Autosomal Disorder Pedigree Analysis
Autosomal disorders are genetic conditions that are inherited through the autosomes, which are the non-sex chromosomes (chromosomes 1-22 in humans).
When analyzing pedigrees to determine the inheritance pattern of an autosomal disorder, several key rules and characteristics can help identify whether a disorder is autosomal dominant or autosomal recessive. Below is a guide to understanding and identifying these patterns in pedigree analysis.
Autosomal Dominant Disorder
Understanding with Example:
A parent with an autosomal dominant disorder (e.g., Huntington's disease) has a 50% chance of passing the mutated gene to each child.
Pedigree Indicators:
At least one affected parent.
Does not skip generations (vertical pattern).
Roughly equal numbers of affected males and females.
Characteristics:
Inheritance from Either Parent: The disorder can be inherited from either the mother or the father.
Every Generation: The disorder usually appears in every generation. An affected individual has at least one affected parent.
Both Genders Equally Affected: Males and females are equally likely to be affected.
No Carriers: There are no carriers; if an individual has the allele, they express the disorder.

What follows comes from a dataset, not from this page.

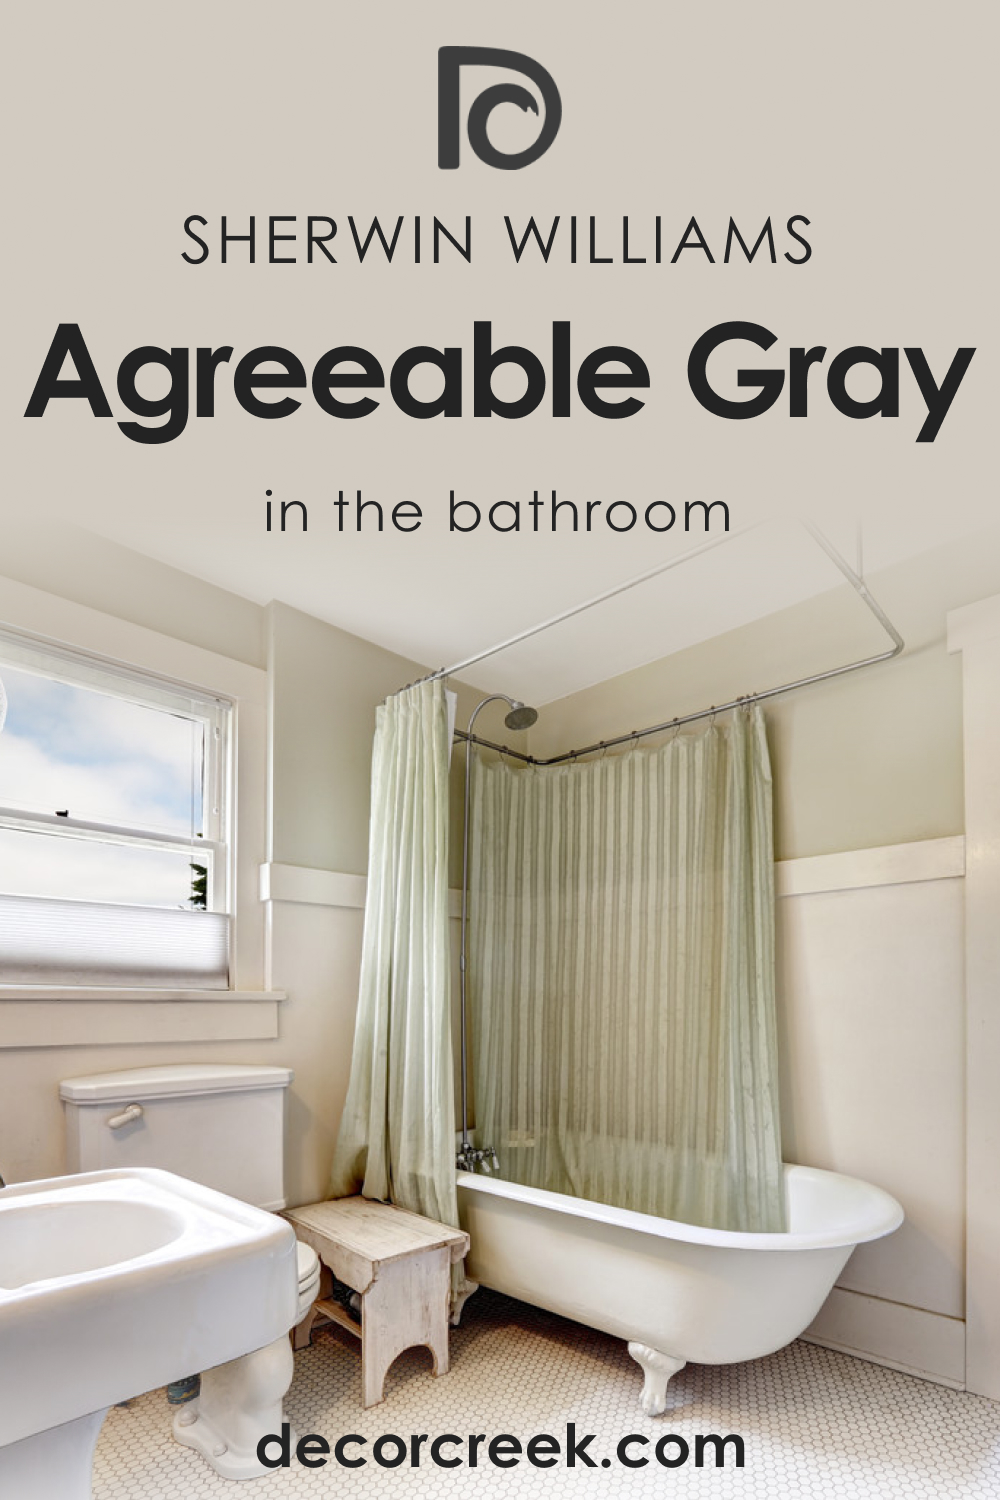 How to Use SW 7029 Agreeable Gray in the Bathroom?
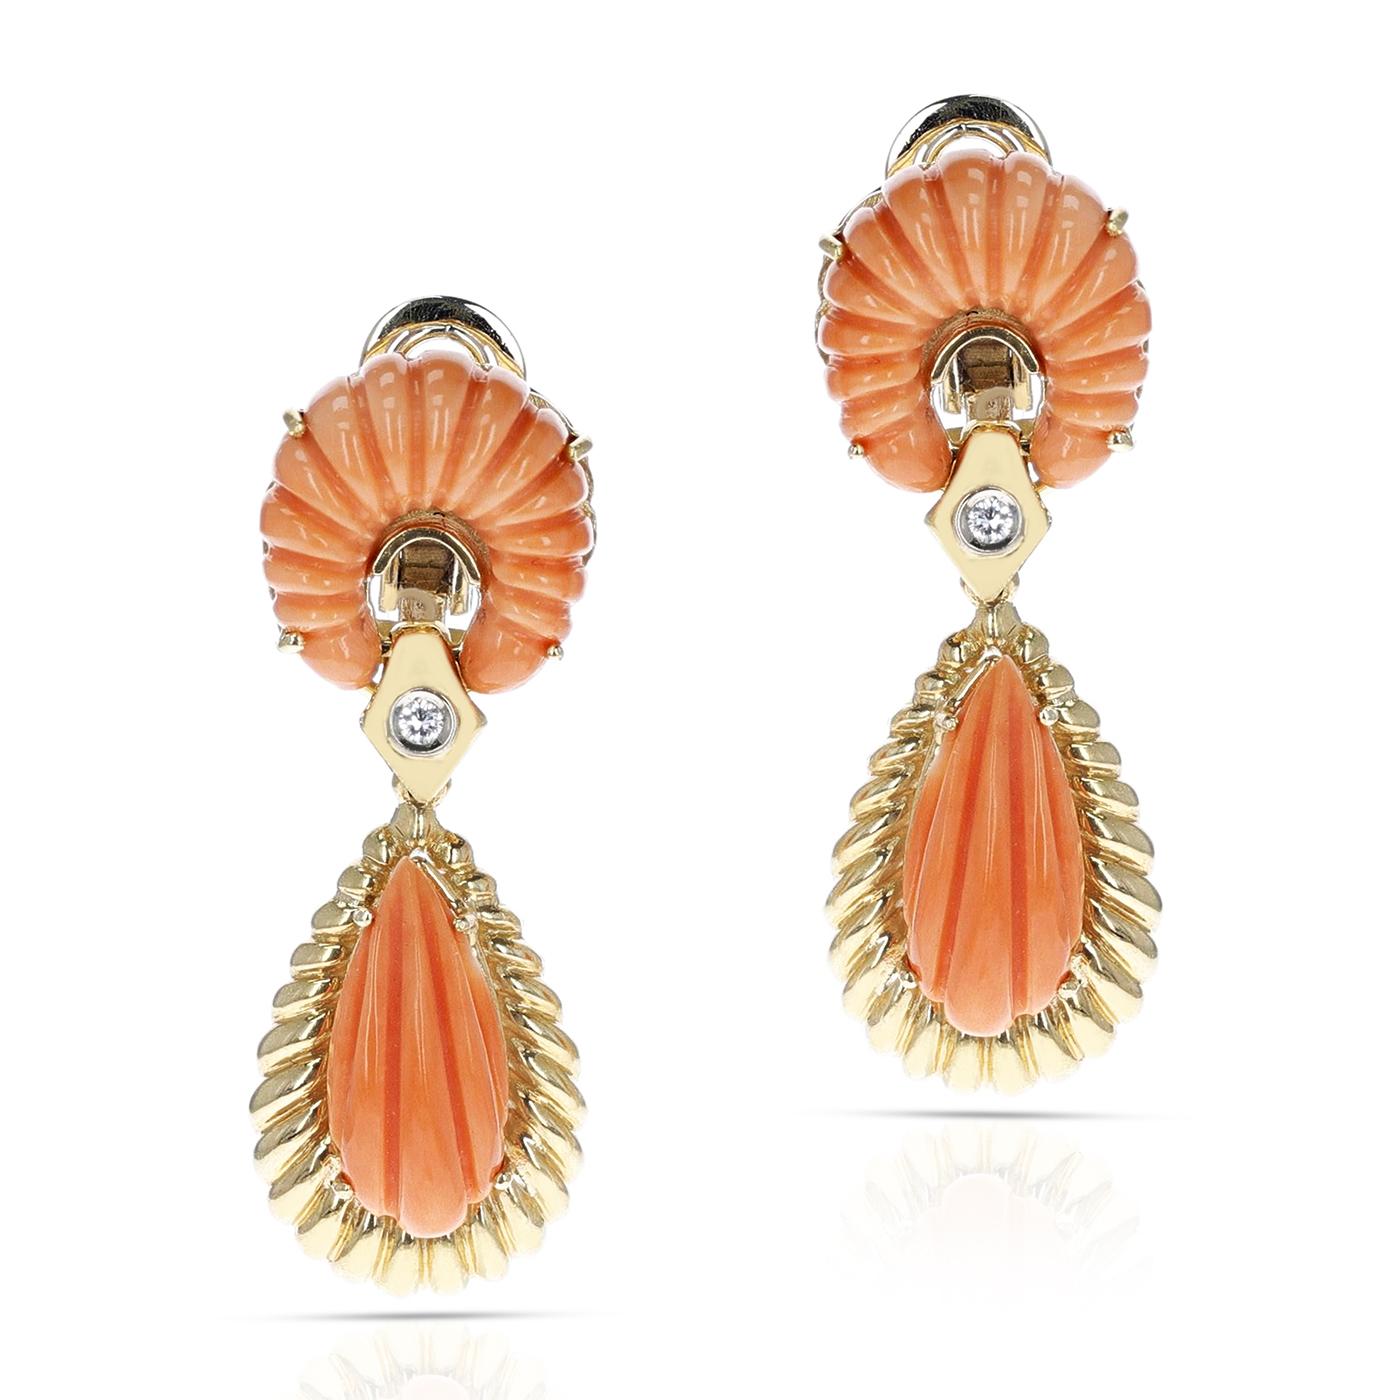 A pair of Van Cleef & Arpels Carved Coral Drop Earrings with a diamond, made in Italy. The earrings are made in 18 Karat Yellow Gold. The total weight of the earrings is 24.95 grams. The length of the earrings is 2 inches.

50% Probability: An affected individual has a 50% chance of passing the disorder to their offspring, regardless of the partner's genotype.
Autosomal Recessive Disorder
Understanding with Example:
Two carriers of an autosomal recessive disorder (e.g., cystic fibrosis) have a 25% chance of having an affected child.
Pedigree Indicators:
May skip generations (horizontal pattern).
Affected individuals often have unaffected parents who are carriers.
Affected individuals may have affected siblings but unaffected parents.
Characteristics:
Both Parents as Carriers: The disorder is often seen when both parents are carriers (heterozygous).
Skipping Generations: The disorder may skip generations, appearing only when two carriers have children.
Both Genders Equally Affected: Males and females are equally likely to be affected.
Carriers Present: Individuals who carry one copy of the mutated gene do not exhibit symptoms.
25% Probability: Two carrier parents have a 25% chance of having an affected child, a 50% chance of having a carrier child, and a 25% chance of having a non-carrier child.